The World Economy and the Great Hidden Theft

When we buy things, we pay money for them. In turn, the supplier paid others for the things we buy or their parts. We pay for work others do for us. When we put our money in a savings, such as a bank, the interest paid is for the use of our money and the small chance that it might be lost by the bank. What is wrong with this? Nothing so far.

But where does all of the wealth ulimately come from? Is it a slow pyramid scheme? It all starts with raw materials from the Earth and energy from the Sun. We expect the sun to shine on for many millions of years. In the past, some of the Sun's energy has been stored as chemical fuel in the Earth. This energy can be retrieved by burning wood, coal, oil and gas. This stored energy is created very slowly, especially for coal, oil and gas.

For the last 100 or so years, we have been consuming this stored energy with increasing speed, to the point that roughly half of it has already been consumed. It took millions of years to create, but in just decades, we are gobbling it up to run everything in civilization. On top of that we have created a survival crisis with regard to global climate change.

What has been happening is that we have been borrowing from the Earth, but rarely paying her for what we take. The process has been slow up until recently, so people have ignored this important part of the economic picture. When we don't pay the Earth back for its resources, they become artificially cheap and make certain individuals and companies ridiculously wealthy. When we don't pay the Earth back in the form of cleaning up pollution, it will end up poisoning us and our food.
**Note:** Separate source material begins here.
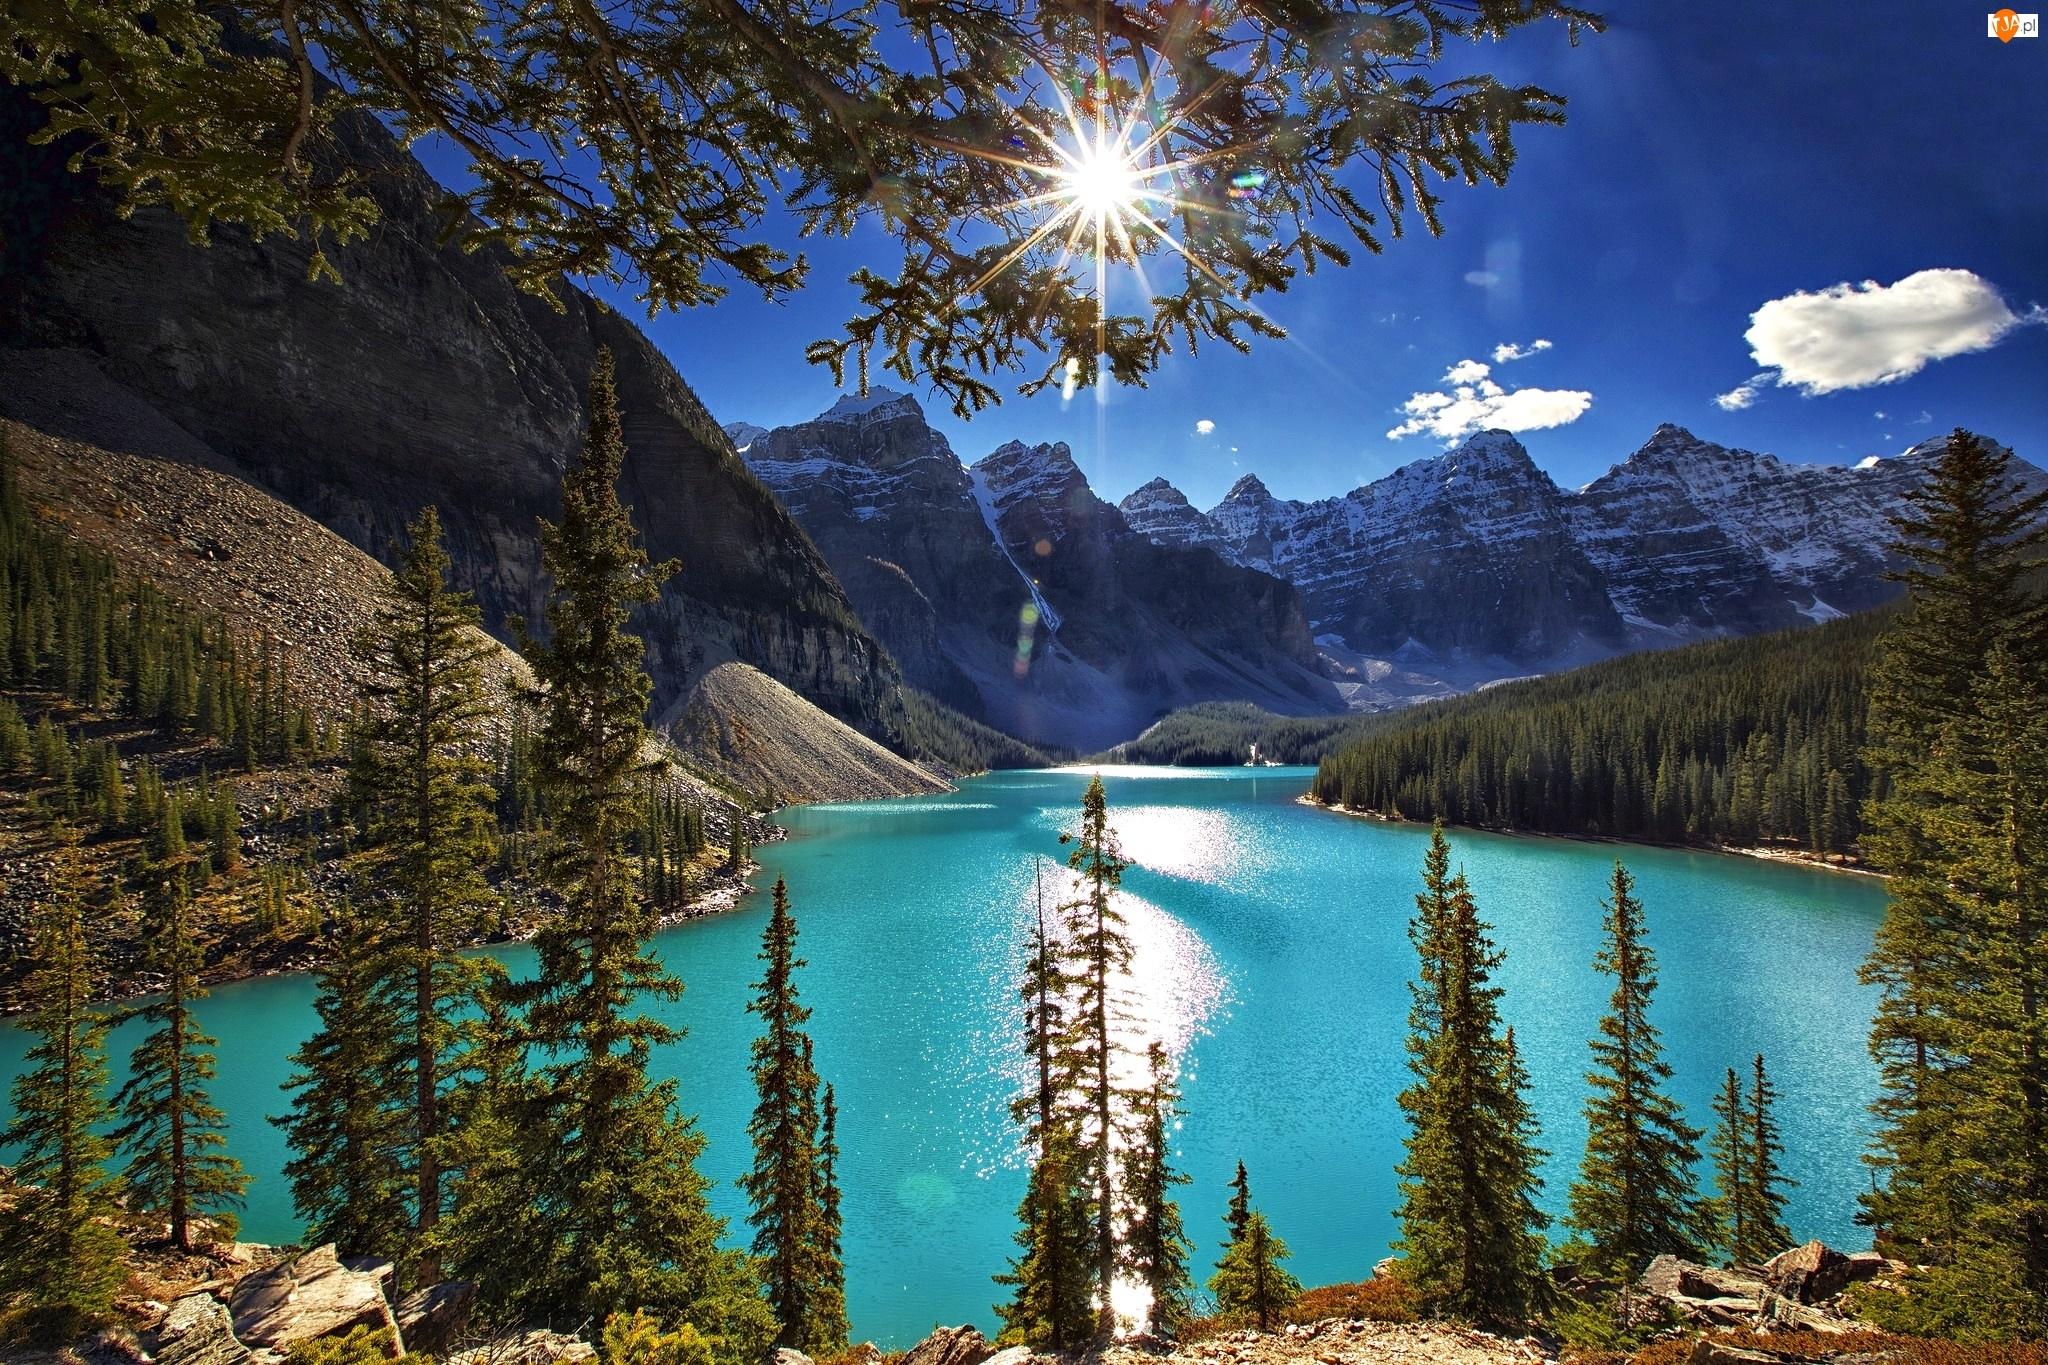 Jezioro Moraine, Góry, Alberta, Kanada

When we don't pay the Earth back for the extracted energy, we are destroying our climate and may ultimately cause such food shortages that humans become extinct. When we don't pay the Earth back, it makes sustainable alternative solutions impractically expensive, compared to just stealing from the Earth.

Is it too late to fix this? Think about it!

Nuclear energy using fission creates huge, very long term pollution problems, so it is not a good alternative. Fusion energy continues to be an elusive solution.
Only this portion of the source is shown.